MLflow Agent Server
Agent Server 功能
注意
MLflow Agent Server 随 MLflow 3.6.0 发布。目前正在积极开发中,并被标记为实验性。公共 API 可能会发生更改,并且正在添加新功能以增强其功能。
- 简单的 FastAPI 服务器,用于在
/invocations端点托管代理 - 基于装饰器的函数注册(
@invoke,@stream),方便开发代理 - 为 Responses API schema 代理自动进行请求和响应验证
- 自动 MLflow 跟踪集成和聚合
完整示例
在此示例中,我们将使用 openai-agents-sdk 来定义兼容 Responses API 的代理。有关更多信息,请参阅 openai-agents-sdk 快速入门。
-
安装 openai-agents-sdk 和 mlflow,并设置您的 OpenAI API 密钥
bashpip install -U openai-agents mlflow>=3.6.0
export OPENAI_API_KEY=sk-... -
在
agent.py中定义您的代理,并创建使用@invoke注解的方法pythonfrom agents import Agent, Runner
from mlflow.genai.agent_server import invoke, stream
from mlflow.types.responses import ResponsesAgentRequest, ResponsesAgentResponse
agent = Agent(
name="Math Tutor",
instructions="You provide help with math problems. Explain your reasoning and include examples",
)
@invoke()
async def non_streaming(request: ResponsesAgentRequest) -> ResponsesAgentResponse:
msgs = [i.model_dump() for i in request.input]
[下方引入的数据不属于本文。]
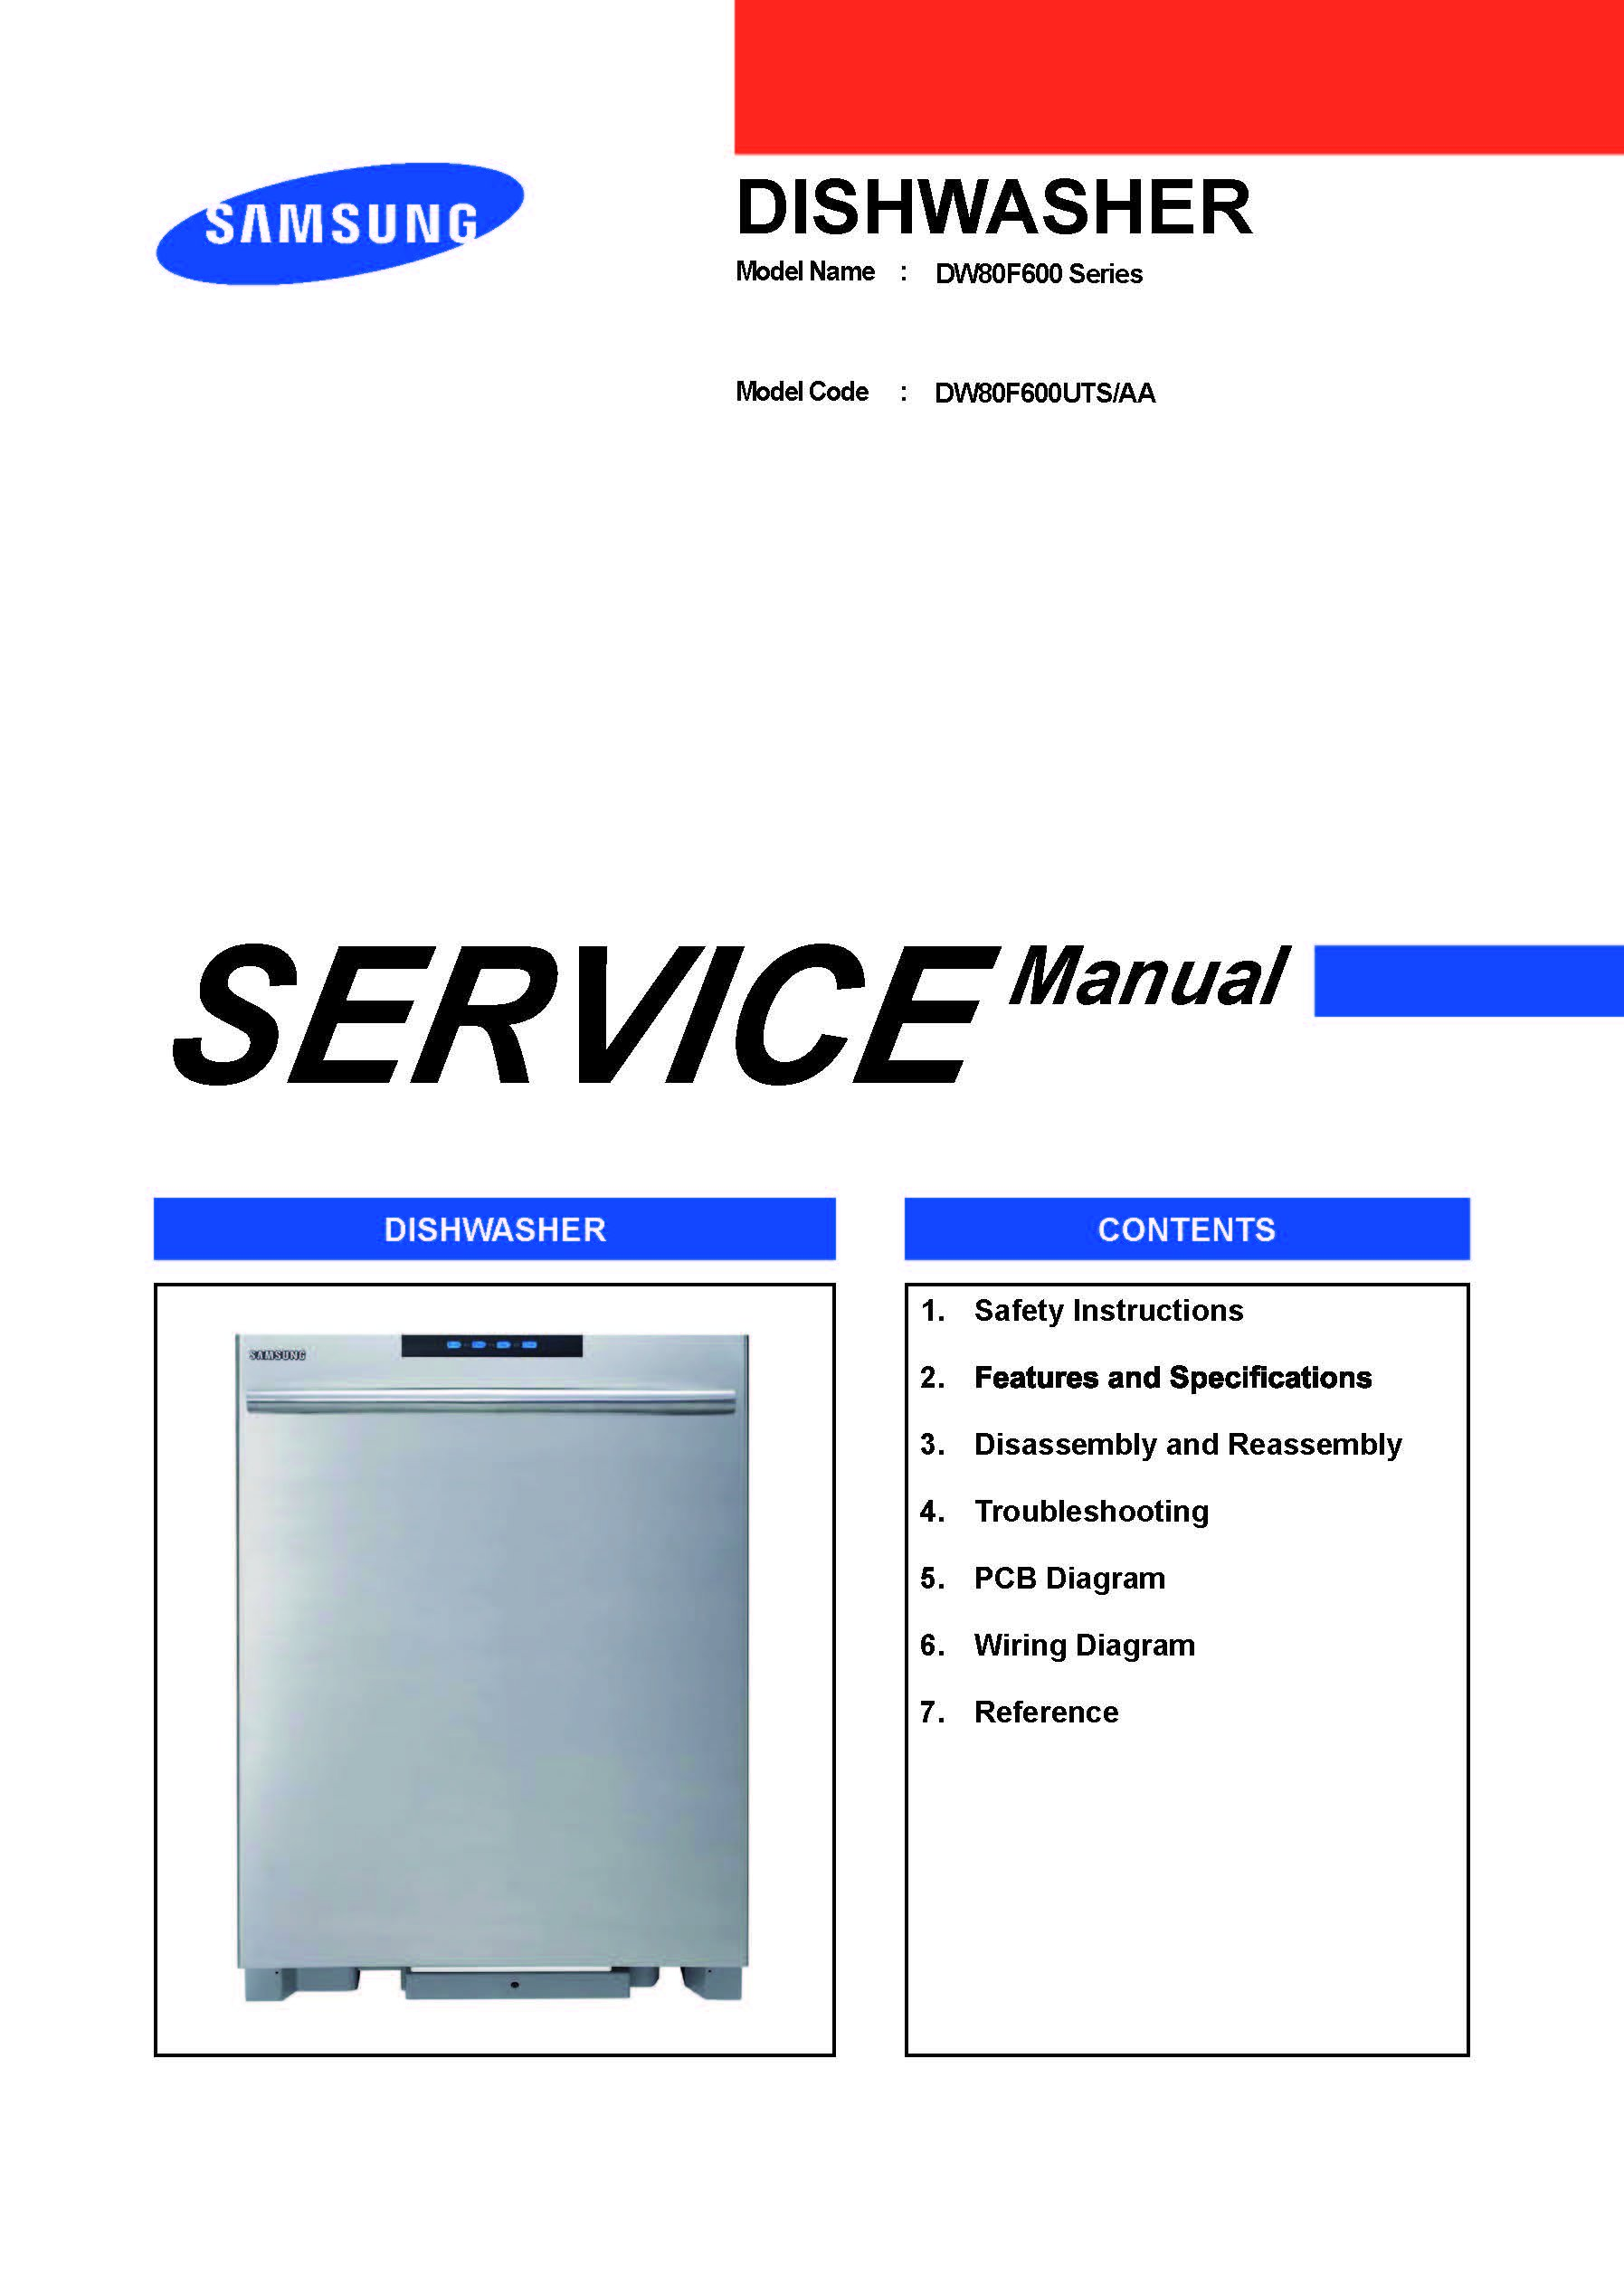 DW80F600 SERIES DISHWASHER Service Manual SAMSUNG Amazoncom Books

result = await Runner.run(agent, msgs)
return ResponsesAgentResponse(
output=[item.to_input_item() for item in result.new_items]
)
# You can also optionally register a @stream function to support streaming responses -
定义一个
start_server.py文件来启动AgentServerpython# Need to import the agent to register the functions with the server
import agent # noqa: F401
from mlflow.genai.agent_server import (
AgentServer,
setup_mlflow_git_based_version_tracking,
)
agent_server = AgentServer("ResponsesAgent")
app = agent_server.app
# Optionally, set up MLflow git-based version tracking
# to correspond your agent's traces to a specific git commit
setup_mlflow_git_based_version_tracking()
def main():
# To support multiple workers, pass the app as an import string
agent_server.run(app_import_string="start_server:app")
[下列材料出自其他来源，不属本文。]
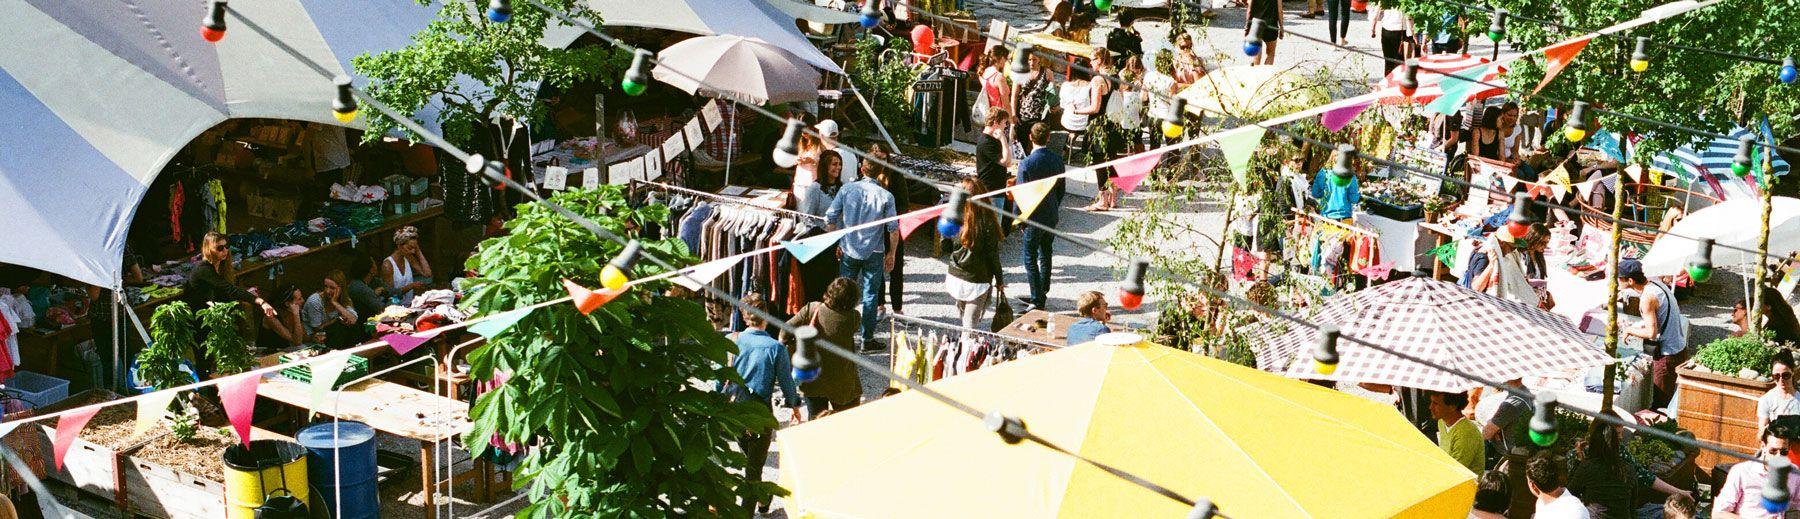 Markt bei Frau Gerold

if __name__ == "__main__":
main()
部署和测试您的代理
使用 --reload 标志运行您的代理服务器,以便在代码更改时自动重新加载服务器
bash
python3 start_server.py --reload
# Pass in a number of workers to support multiple concurrent requests
# python3 start_server.py --workers 4
# Pass in a port to run the server on
# python3 start_server.py --reload --port 8000
向服务器发送请求以测试您的代理
bash
curl -X POST https://:8000/invocations \
-H "Content-Type: application/json" \
-d '{ "input": [{ "role": "user", "content": "What is the 14th Fibonacci number?"}]}'
测试完代理后,您可以在 MLflow UI 中通过点击“Traces”(跟踪)选项卡来查看跟踪记录。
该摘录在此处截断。